Every line below is to be set down again exactly; any image stays out.

**Source data**
————————

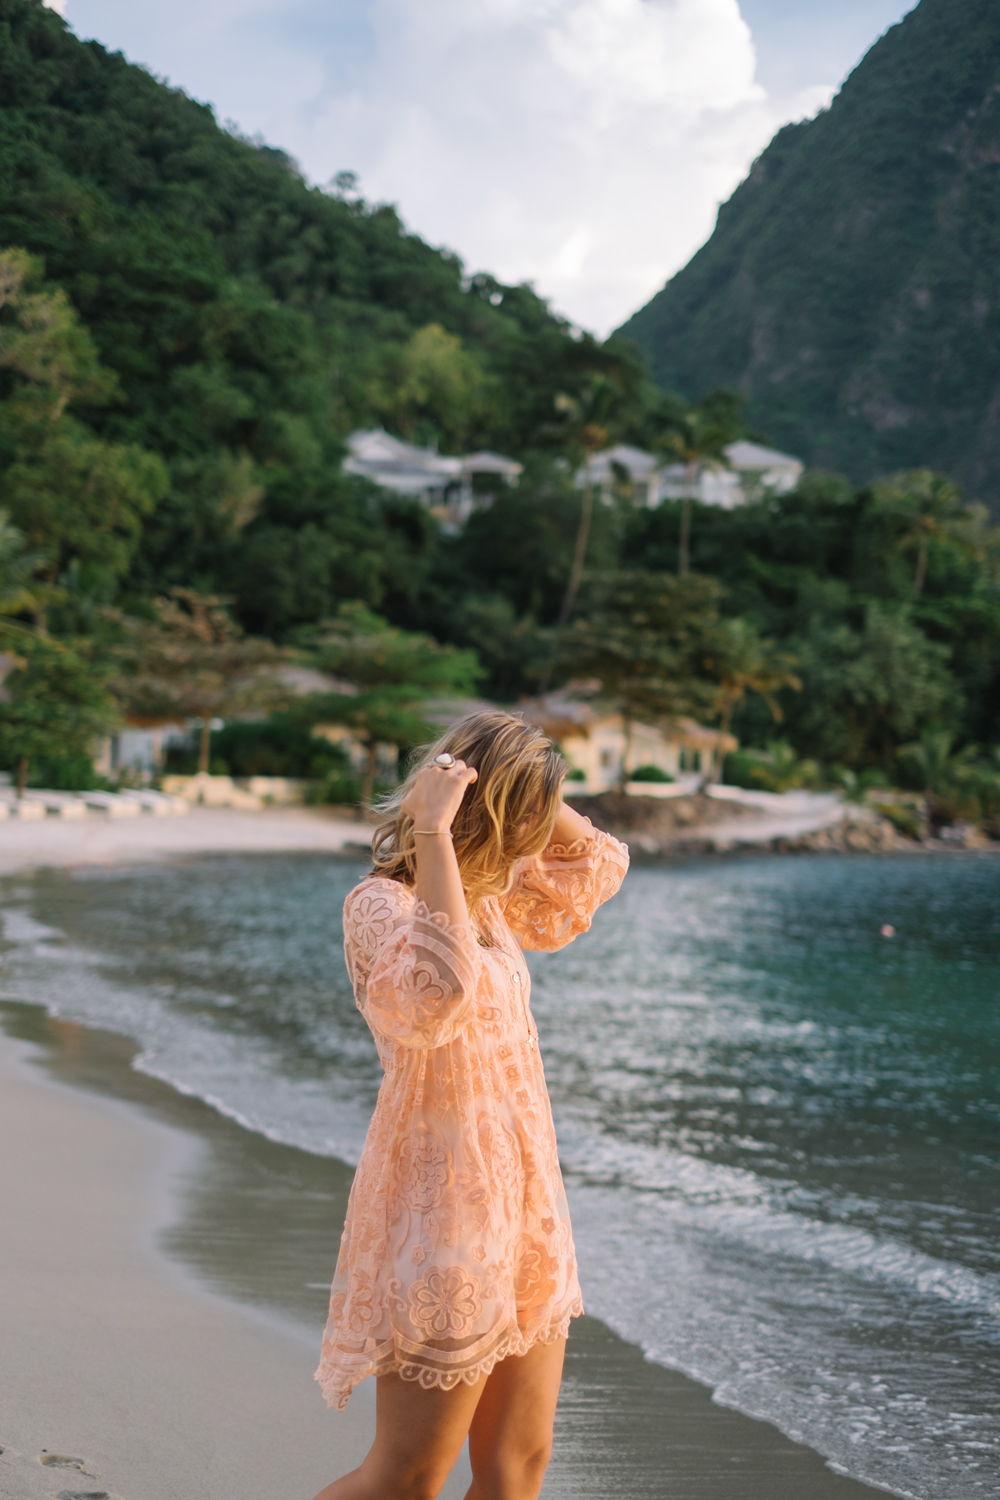 Free People Lace Dress in St. Lucia — It's Julien
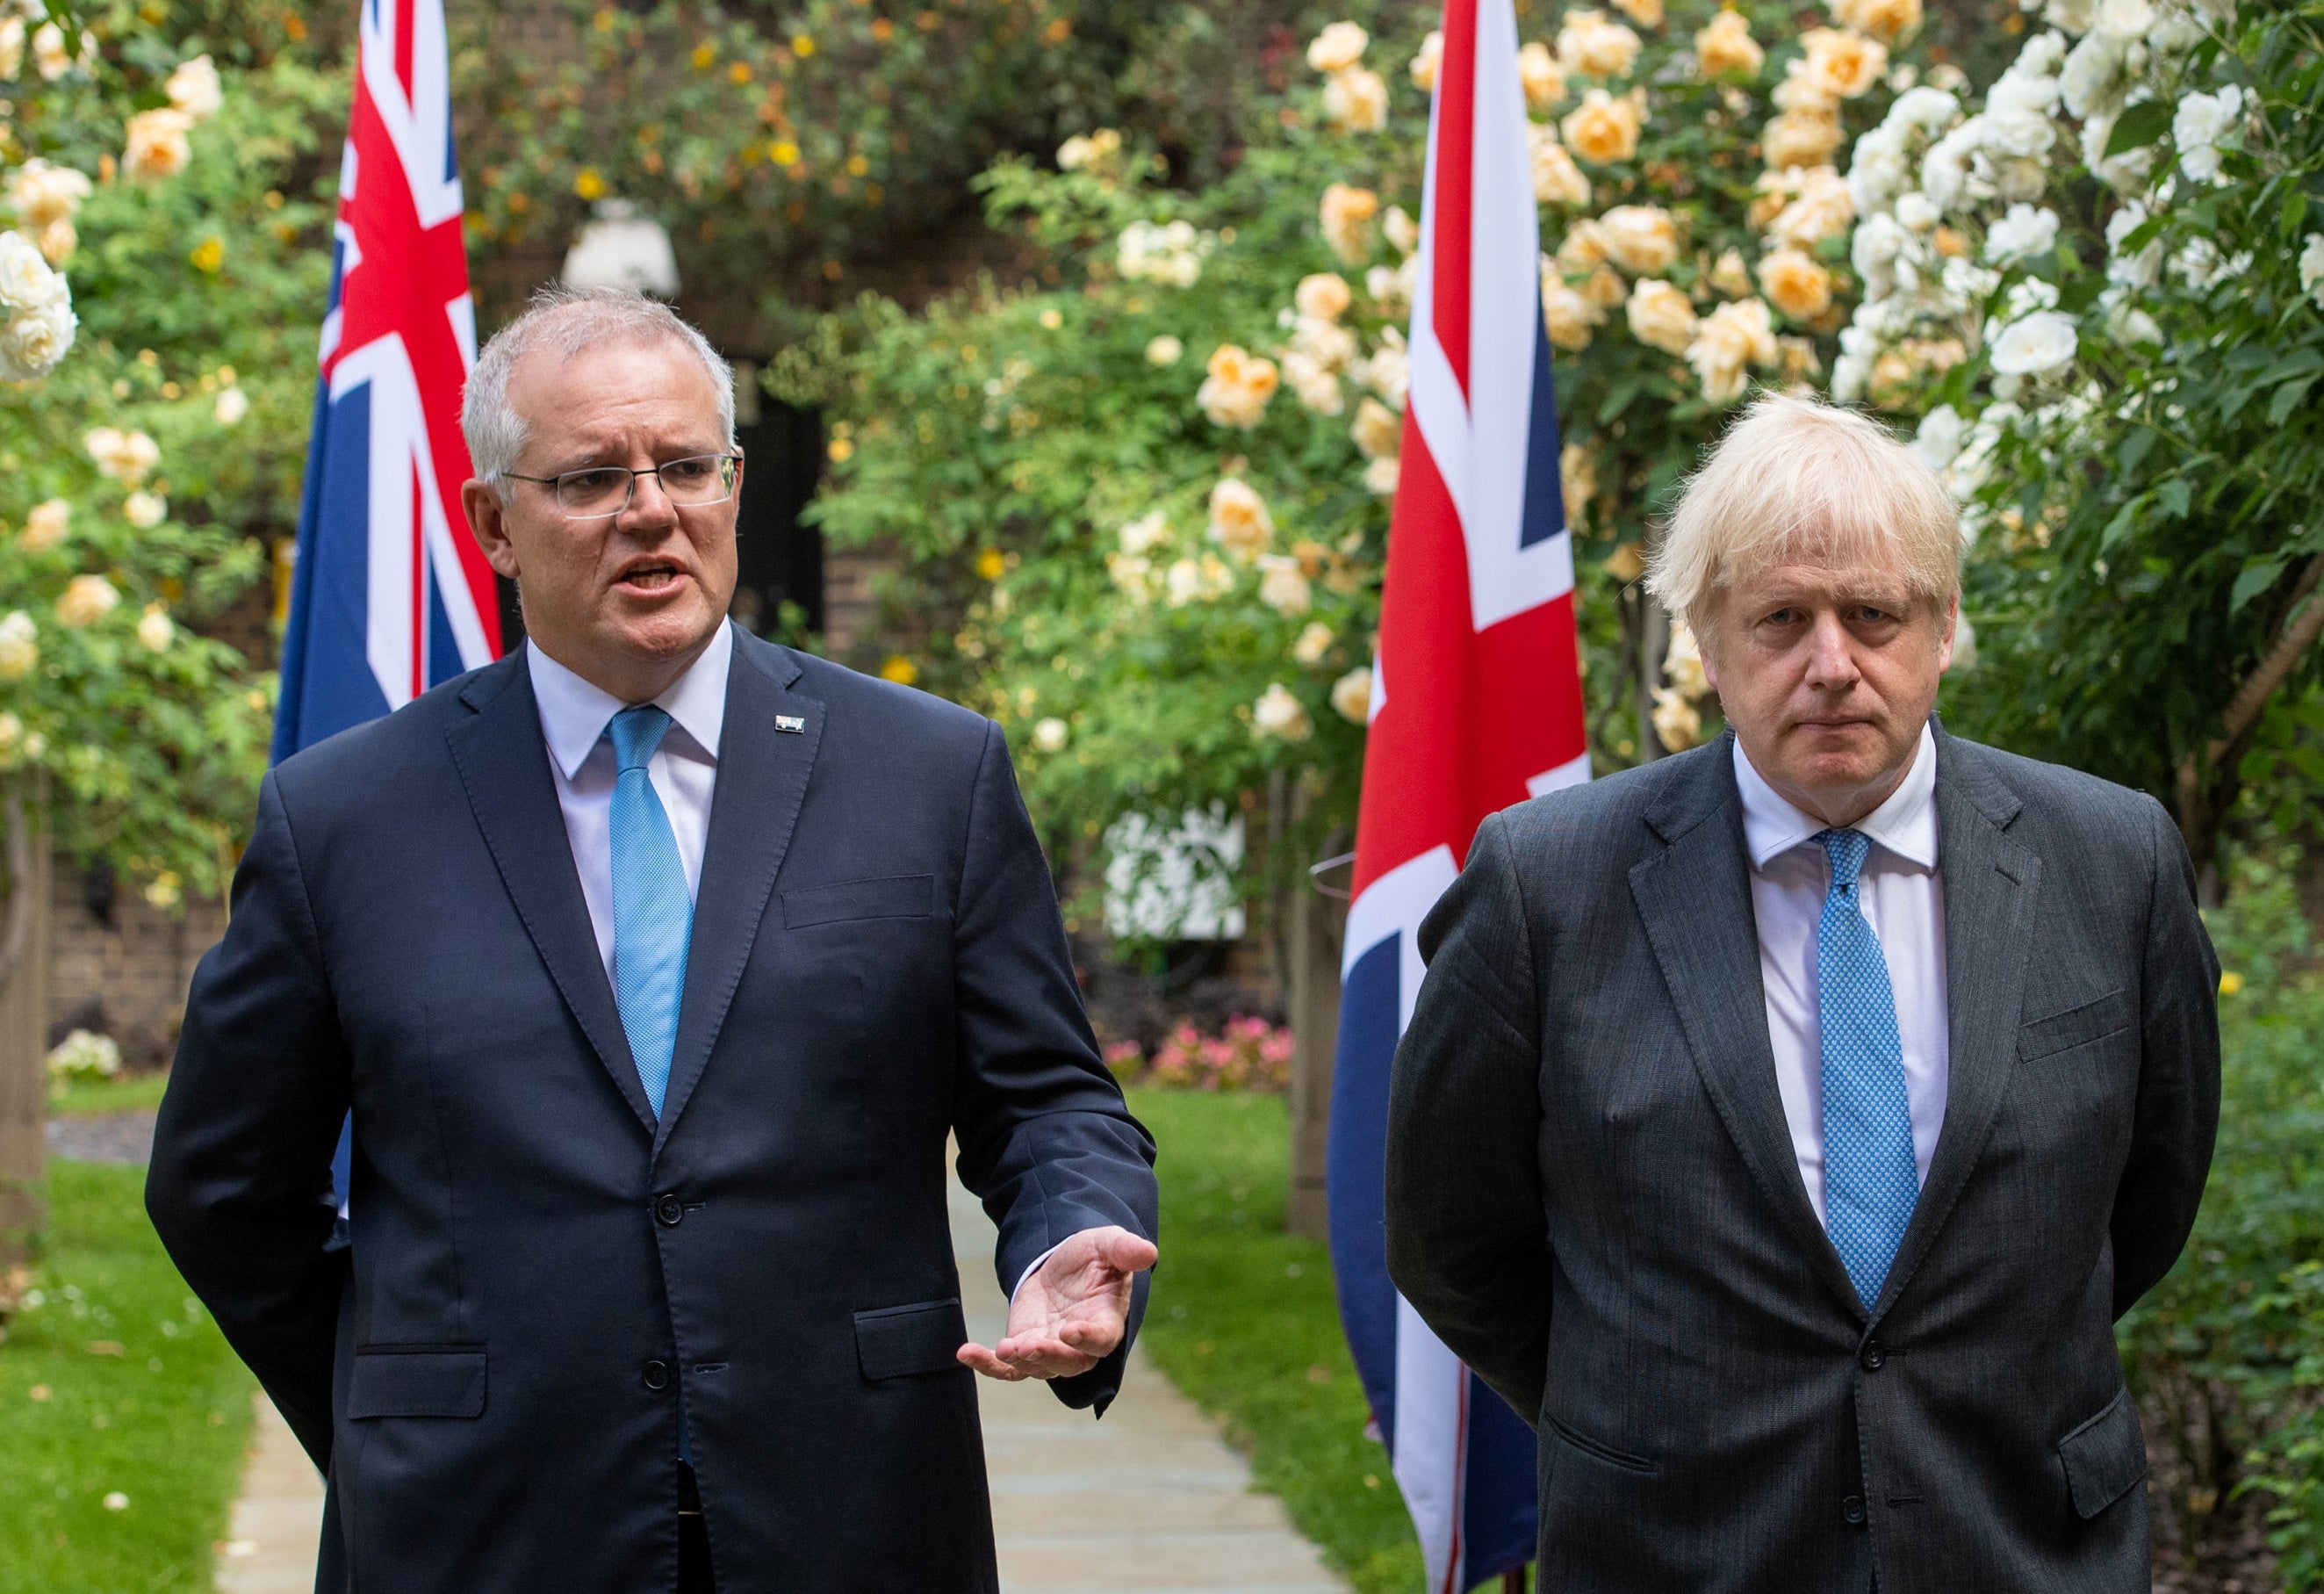 Boris Johnson looks on as Australia’s Prime Minister Scott Morrison speaks at No 10 on Tuesday
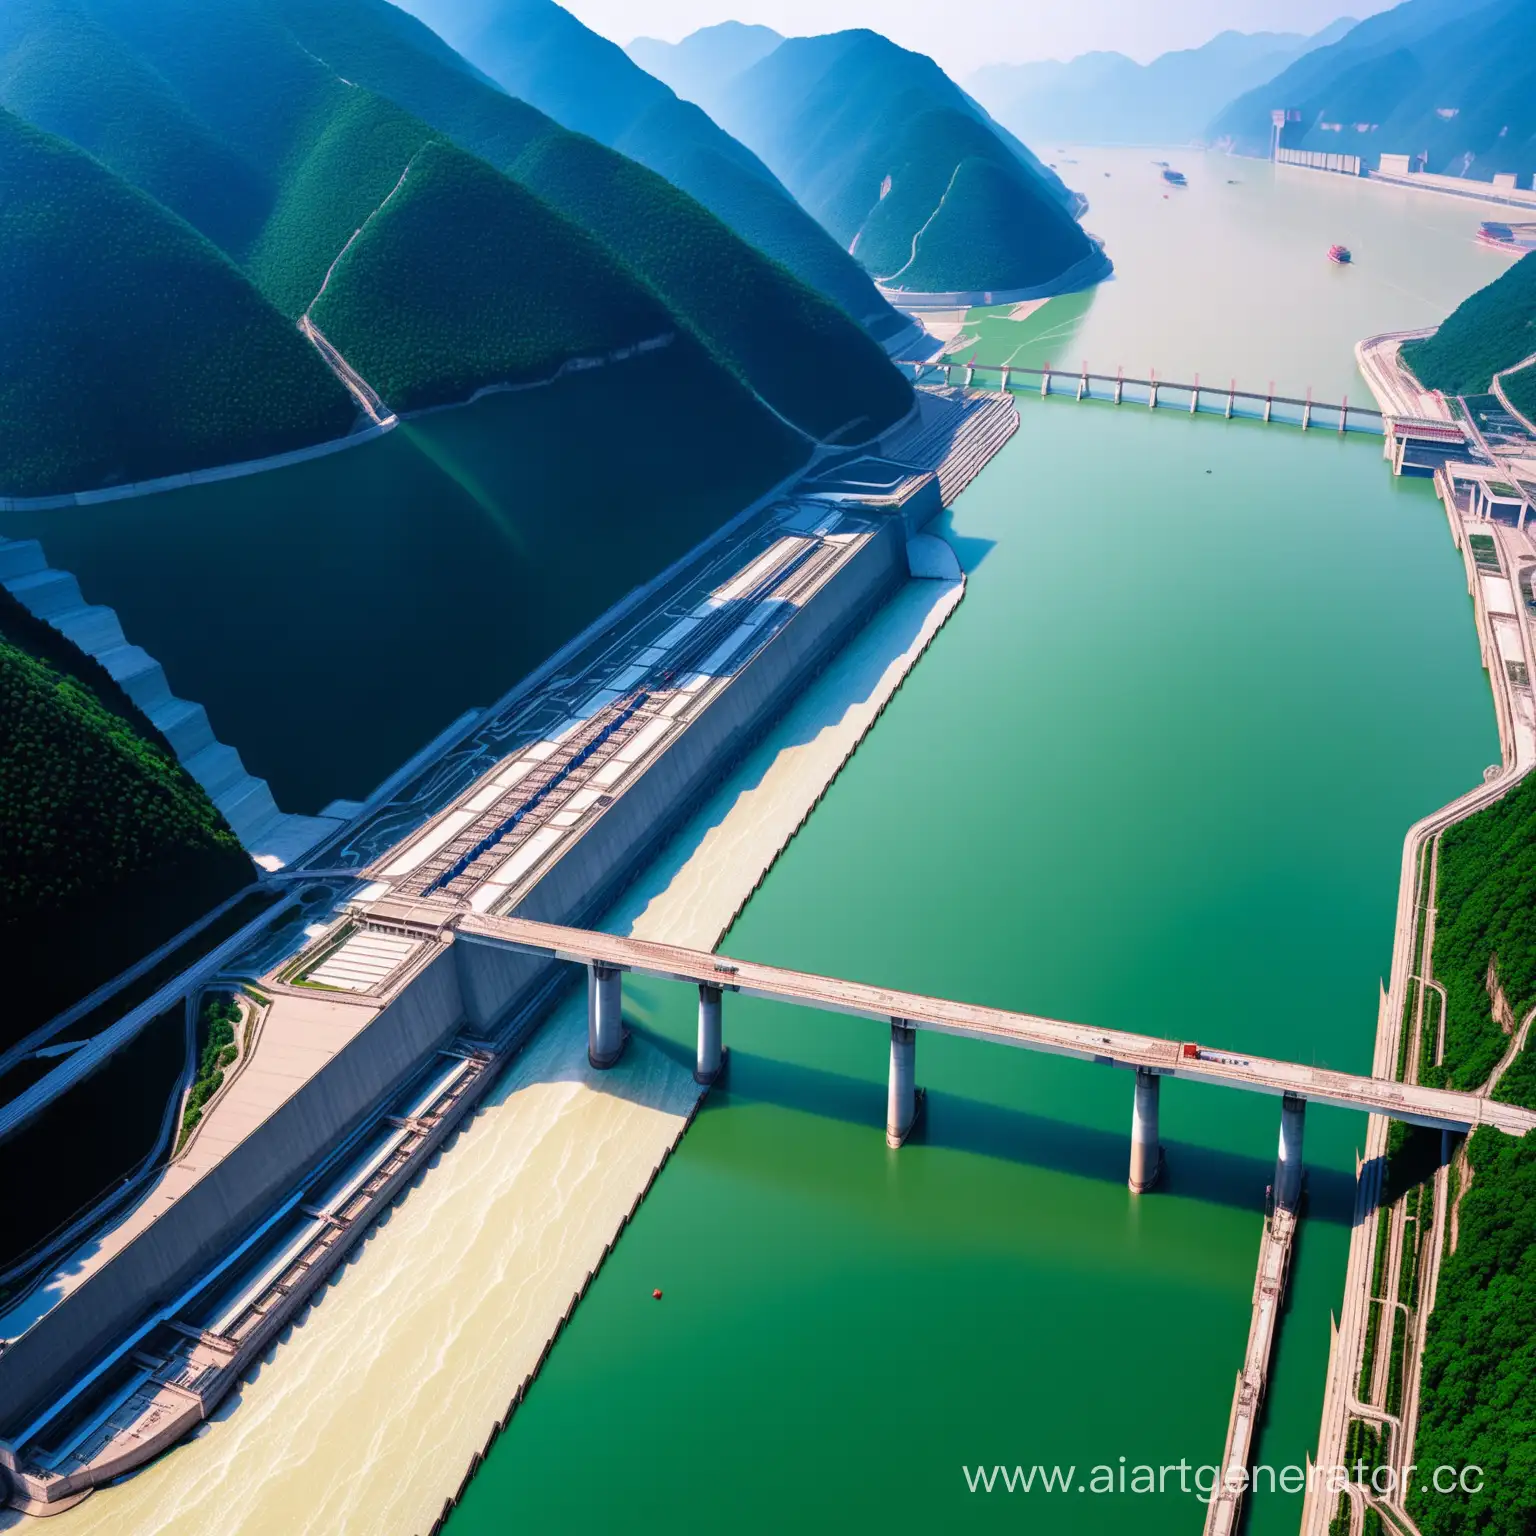 China’s Three Gorges Dam

————————

**Your solution**
 Free People Lace Dress in St. Lucia — It's Julien
 Boris Johnson looks on as Australia’s Prime Minister Scott Morrison speaks at No 10 on Tuesday
 China’s Three Gorges Dam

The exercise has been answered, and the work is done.